W praktyce zdarza się jednak, że wynik nakładania się energii świetlnej może być taki sam, nawet w przypadku różnie przebiegających krzywych odbicia. Sprawia to w rezultacie identyczne wrażenie barwne.
Ponieważ można określić liczbowo, jaką czułość spektralną mają trzy rodzaje receptorów barwnych, dlatego też można w przypadku kilku farb i wykresów ich współczynników odbicia przewidzieć, czy będą wydawały się takie same przy określonym źródle światła, czy też nie.
Teoretycznie można wyprodukować wiele farb, które w świetle dziennym będą się zgadzać z barwą oryginału.

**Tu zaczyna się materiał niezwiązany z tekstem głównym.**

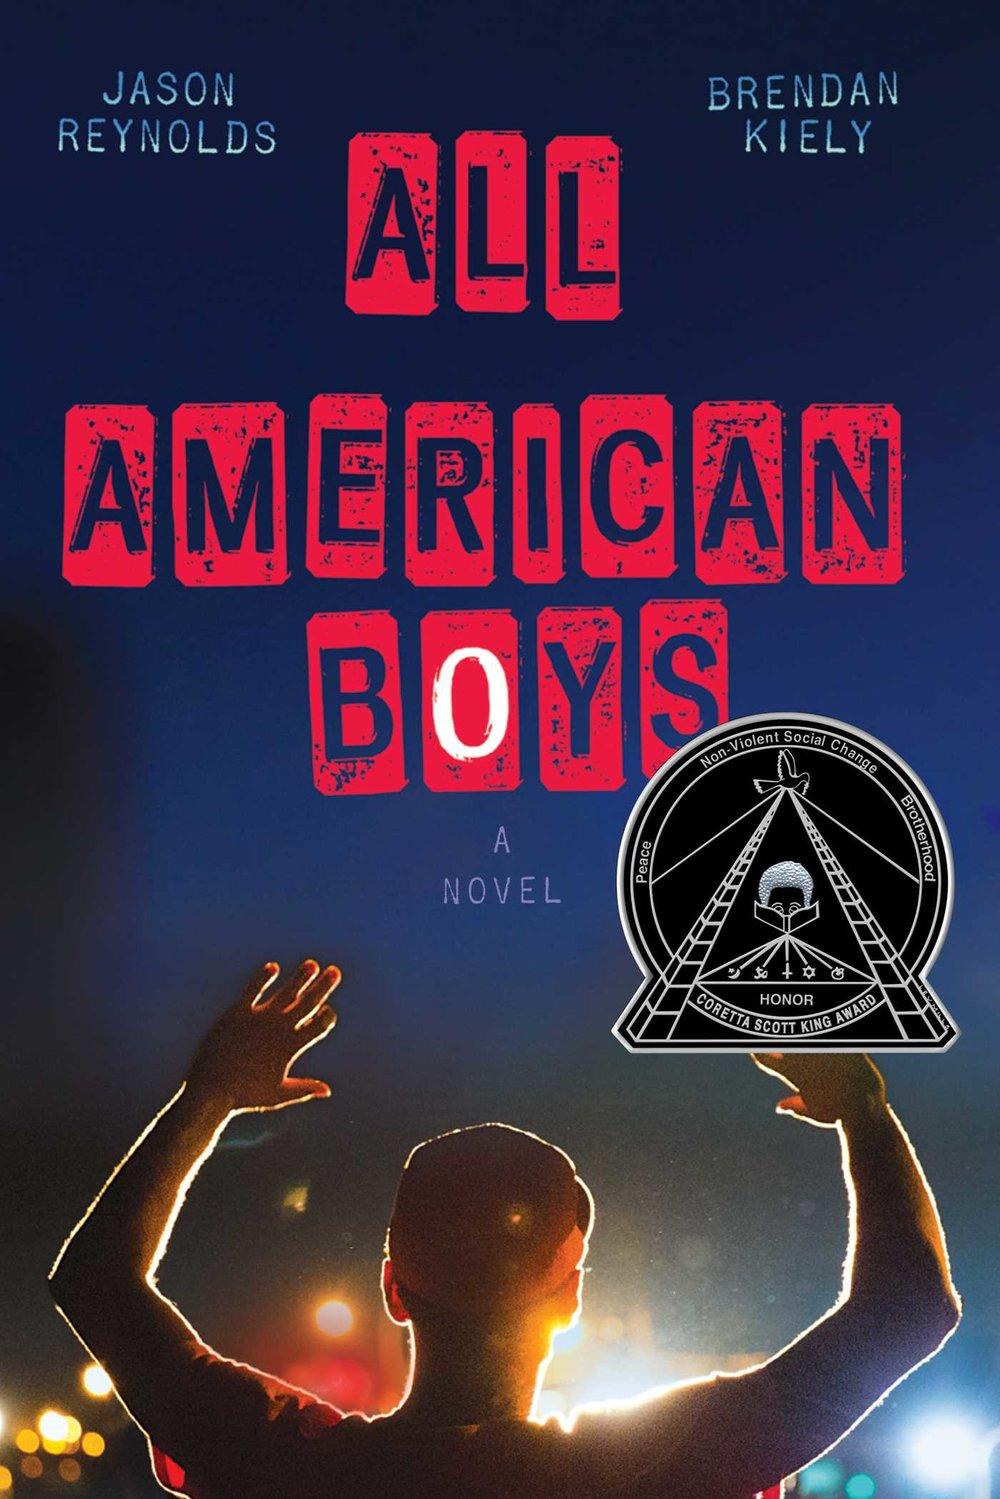 brendan-kiely-all-american-boys.jpg

Jeżeli jednak farby te będą posiadać odmienne krzywe odbicia światła, to należy się spodziewać wystąpienia zjawiska metameryzmu.
Podczas oceny wizualnej barw należy pamiętać, że jest ona zależna od wielu czynników: n rodzaju i intensywności źródła światła, n warunków i specyfiki otoczenia, n bezpośredniego otoczenia barwy, n wielkości pola barwy, n zmęczenia wzroku oceniającego, n różnic osobowych osób oceniających.
Artykuł sponsorowany
Fragment książki Ewy Rajnsz „Barwy druku”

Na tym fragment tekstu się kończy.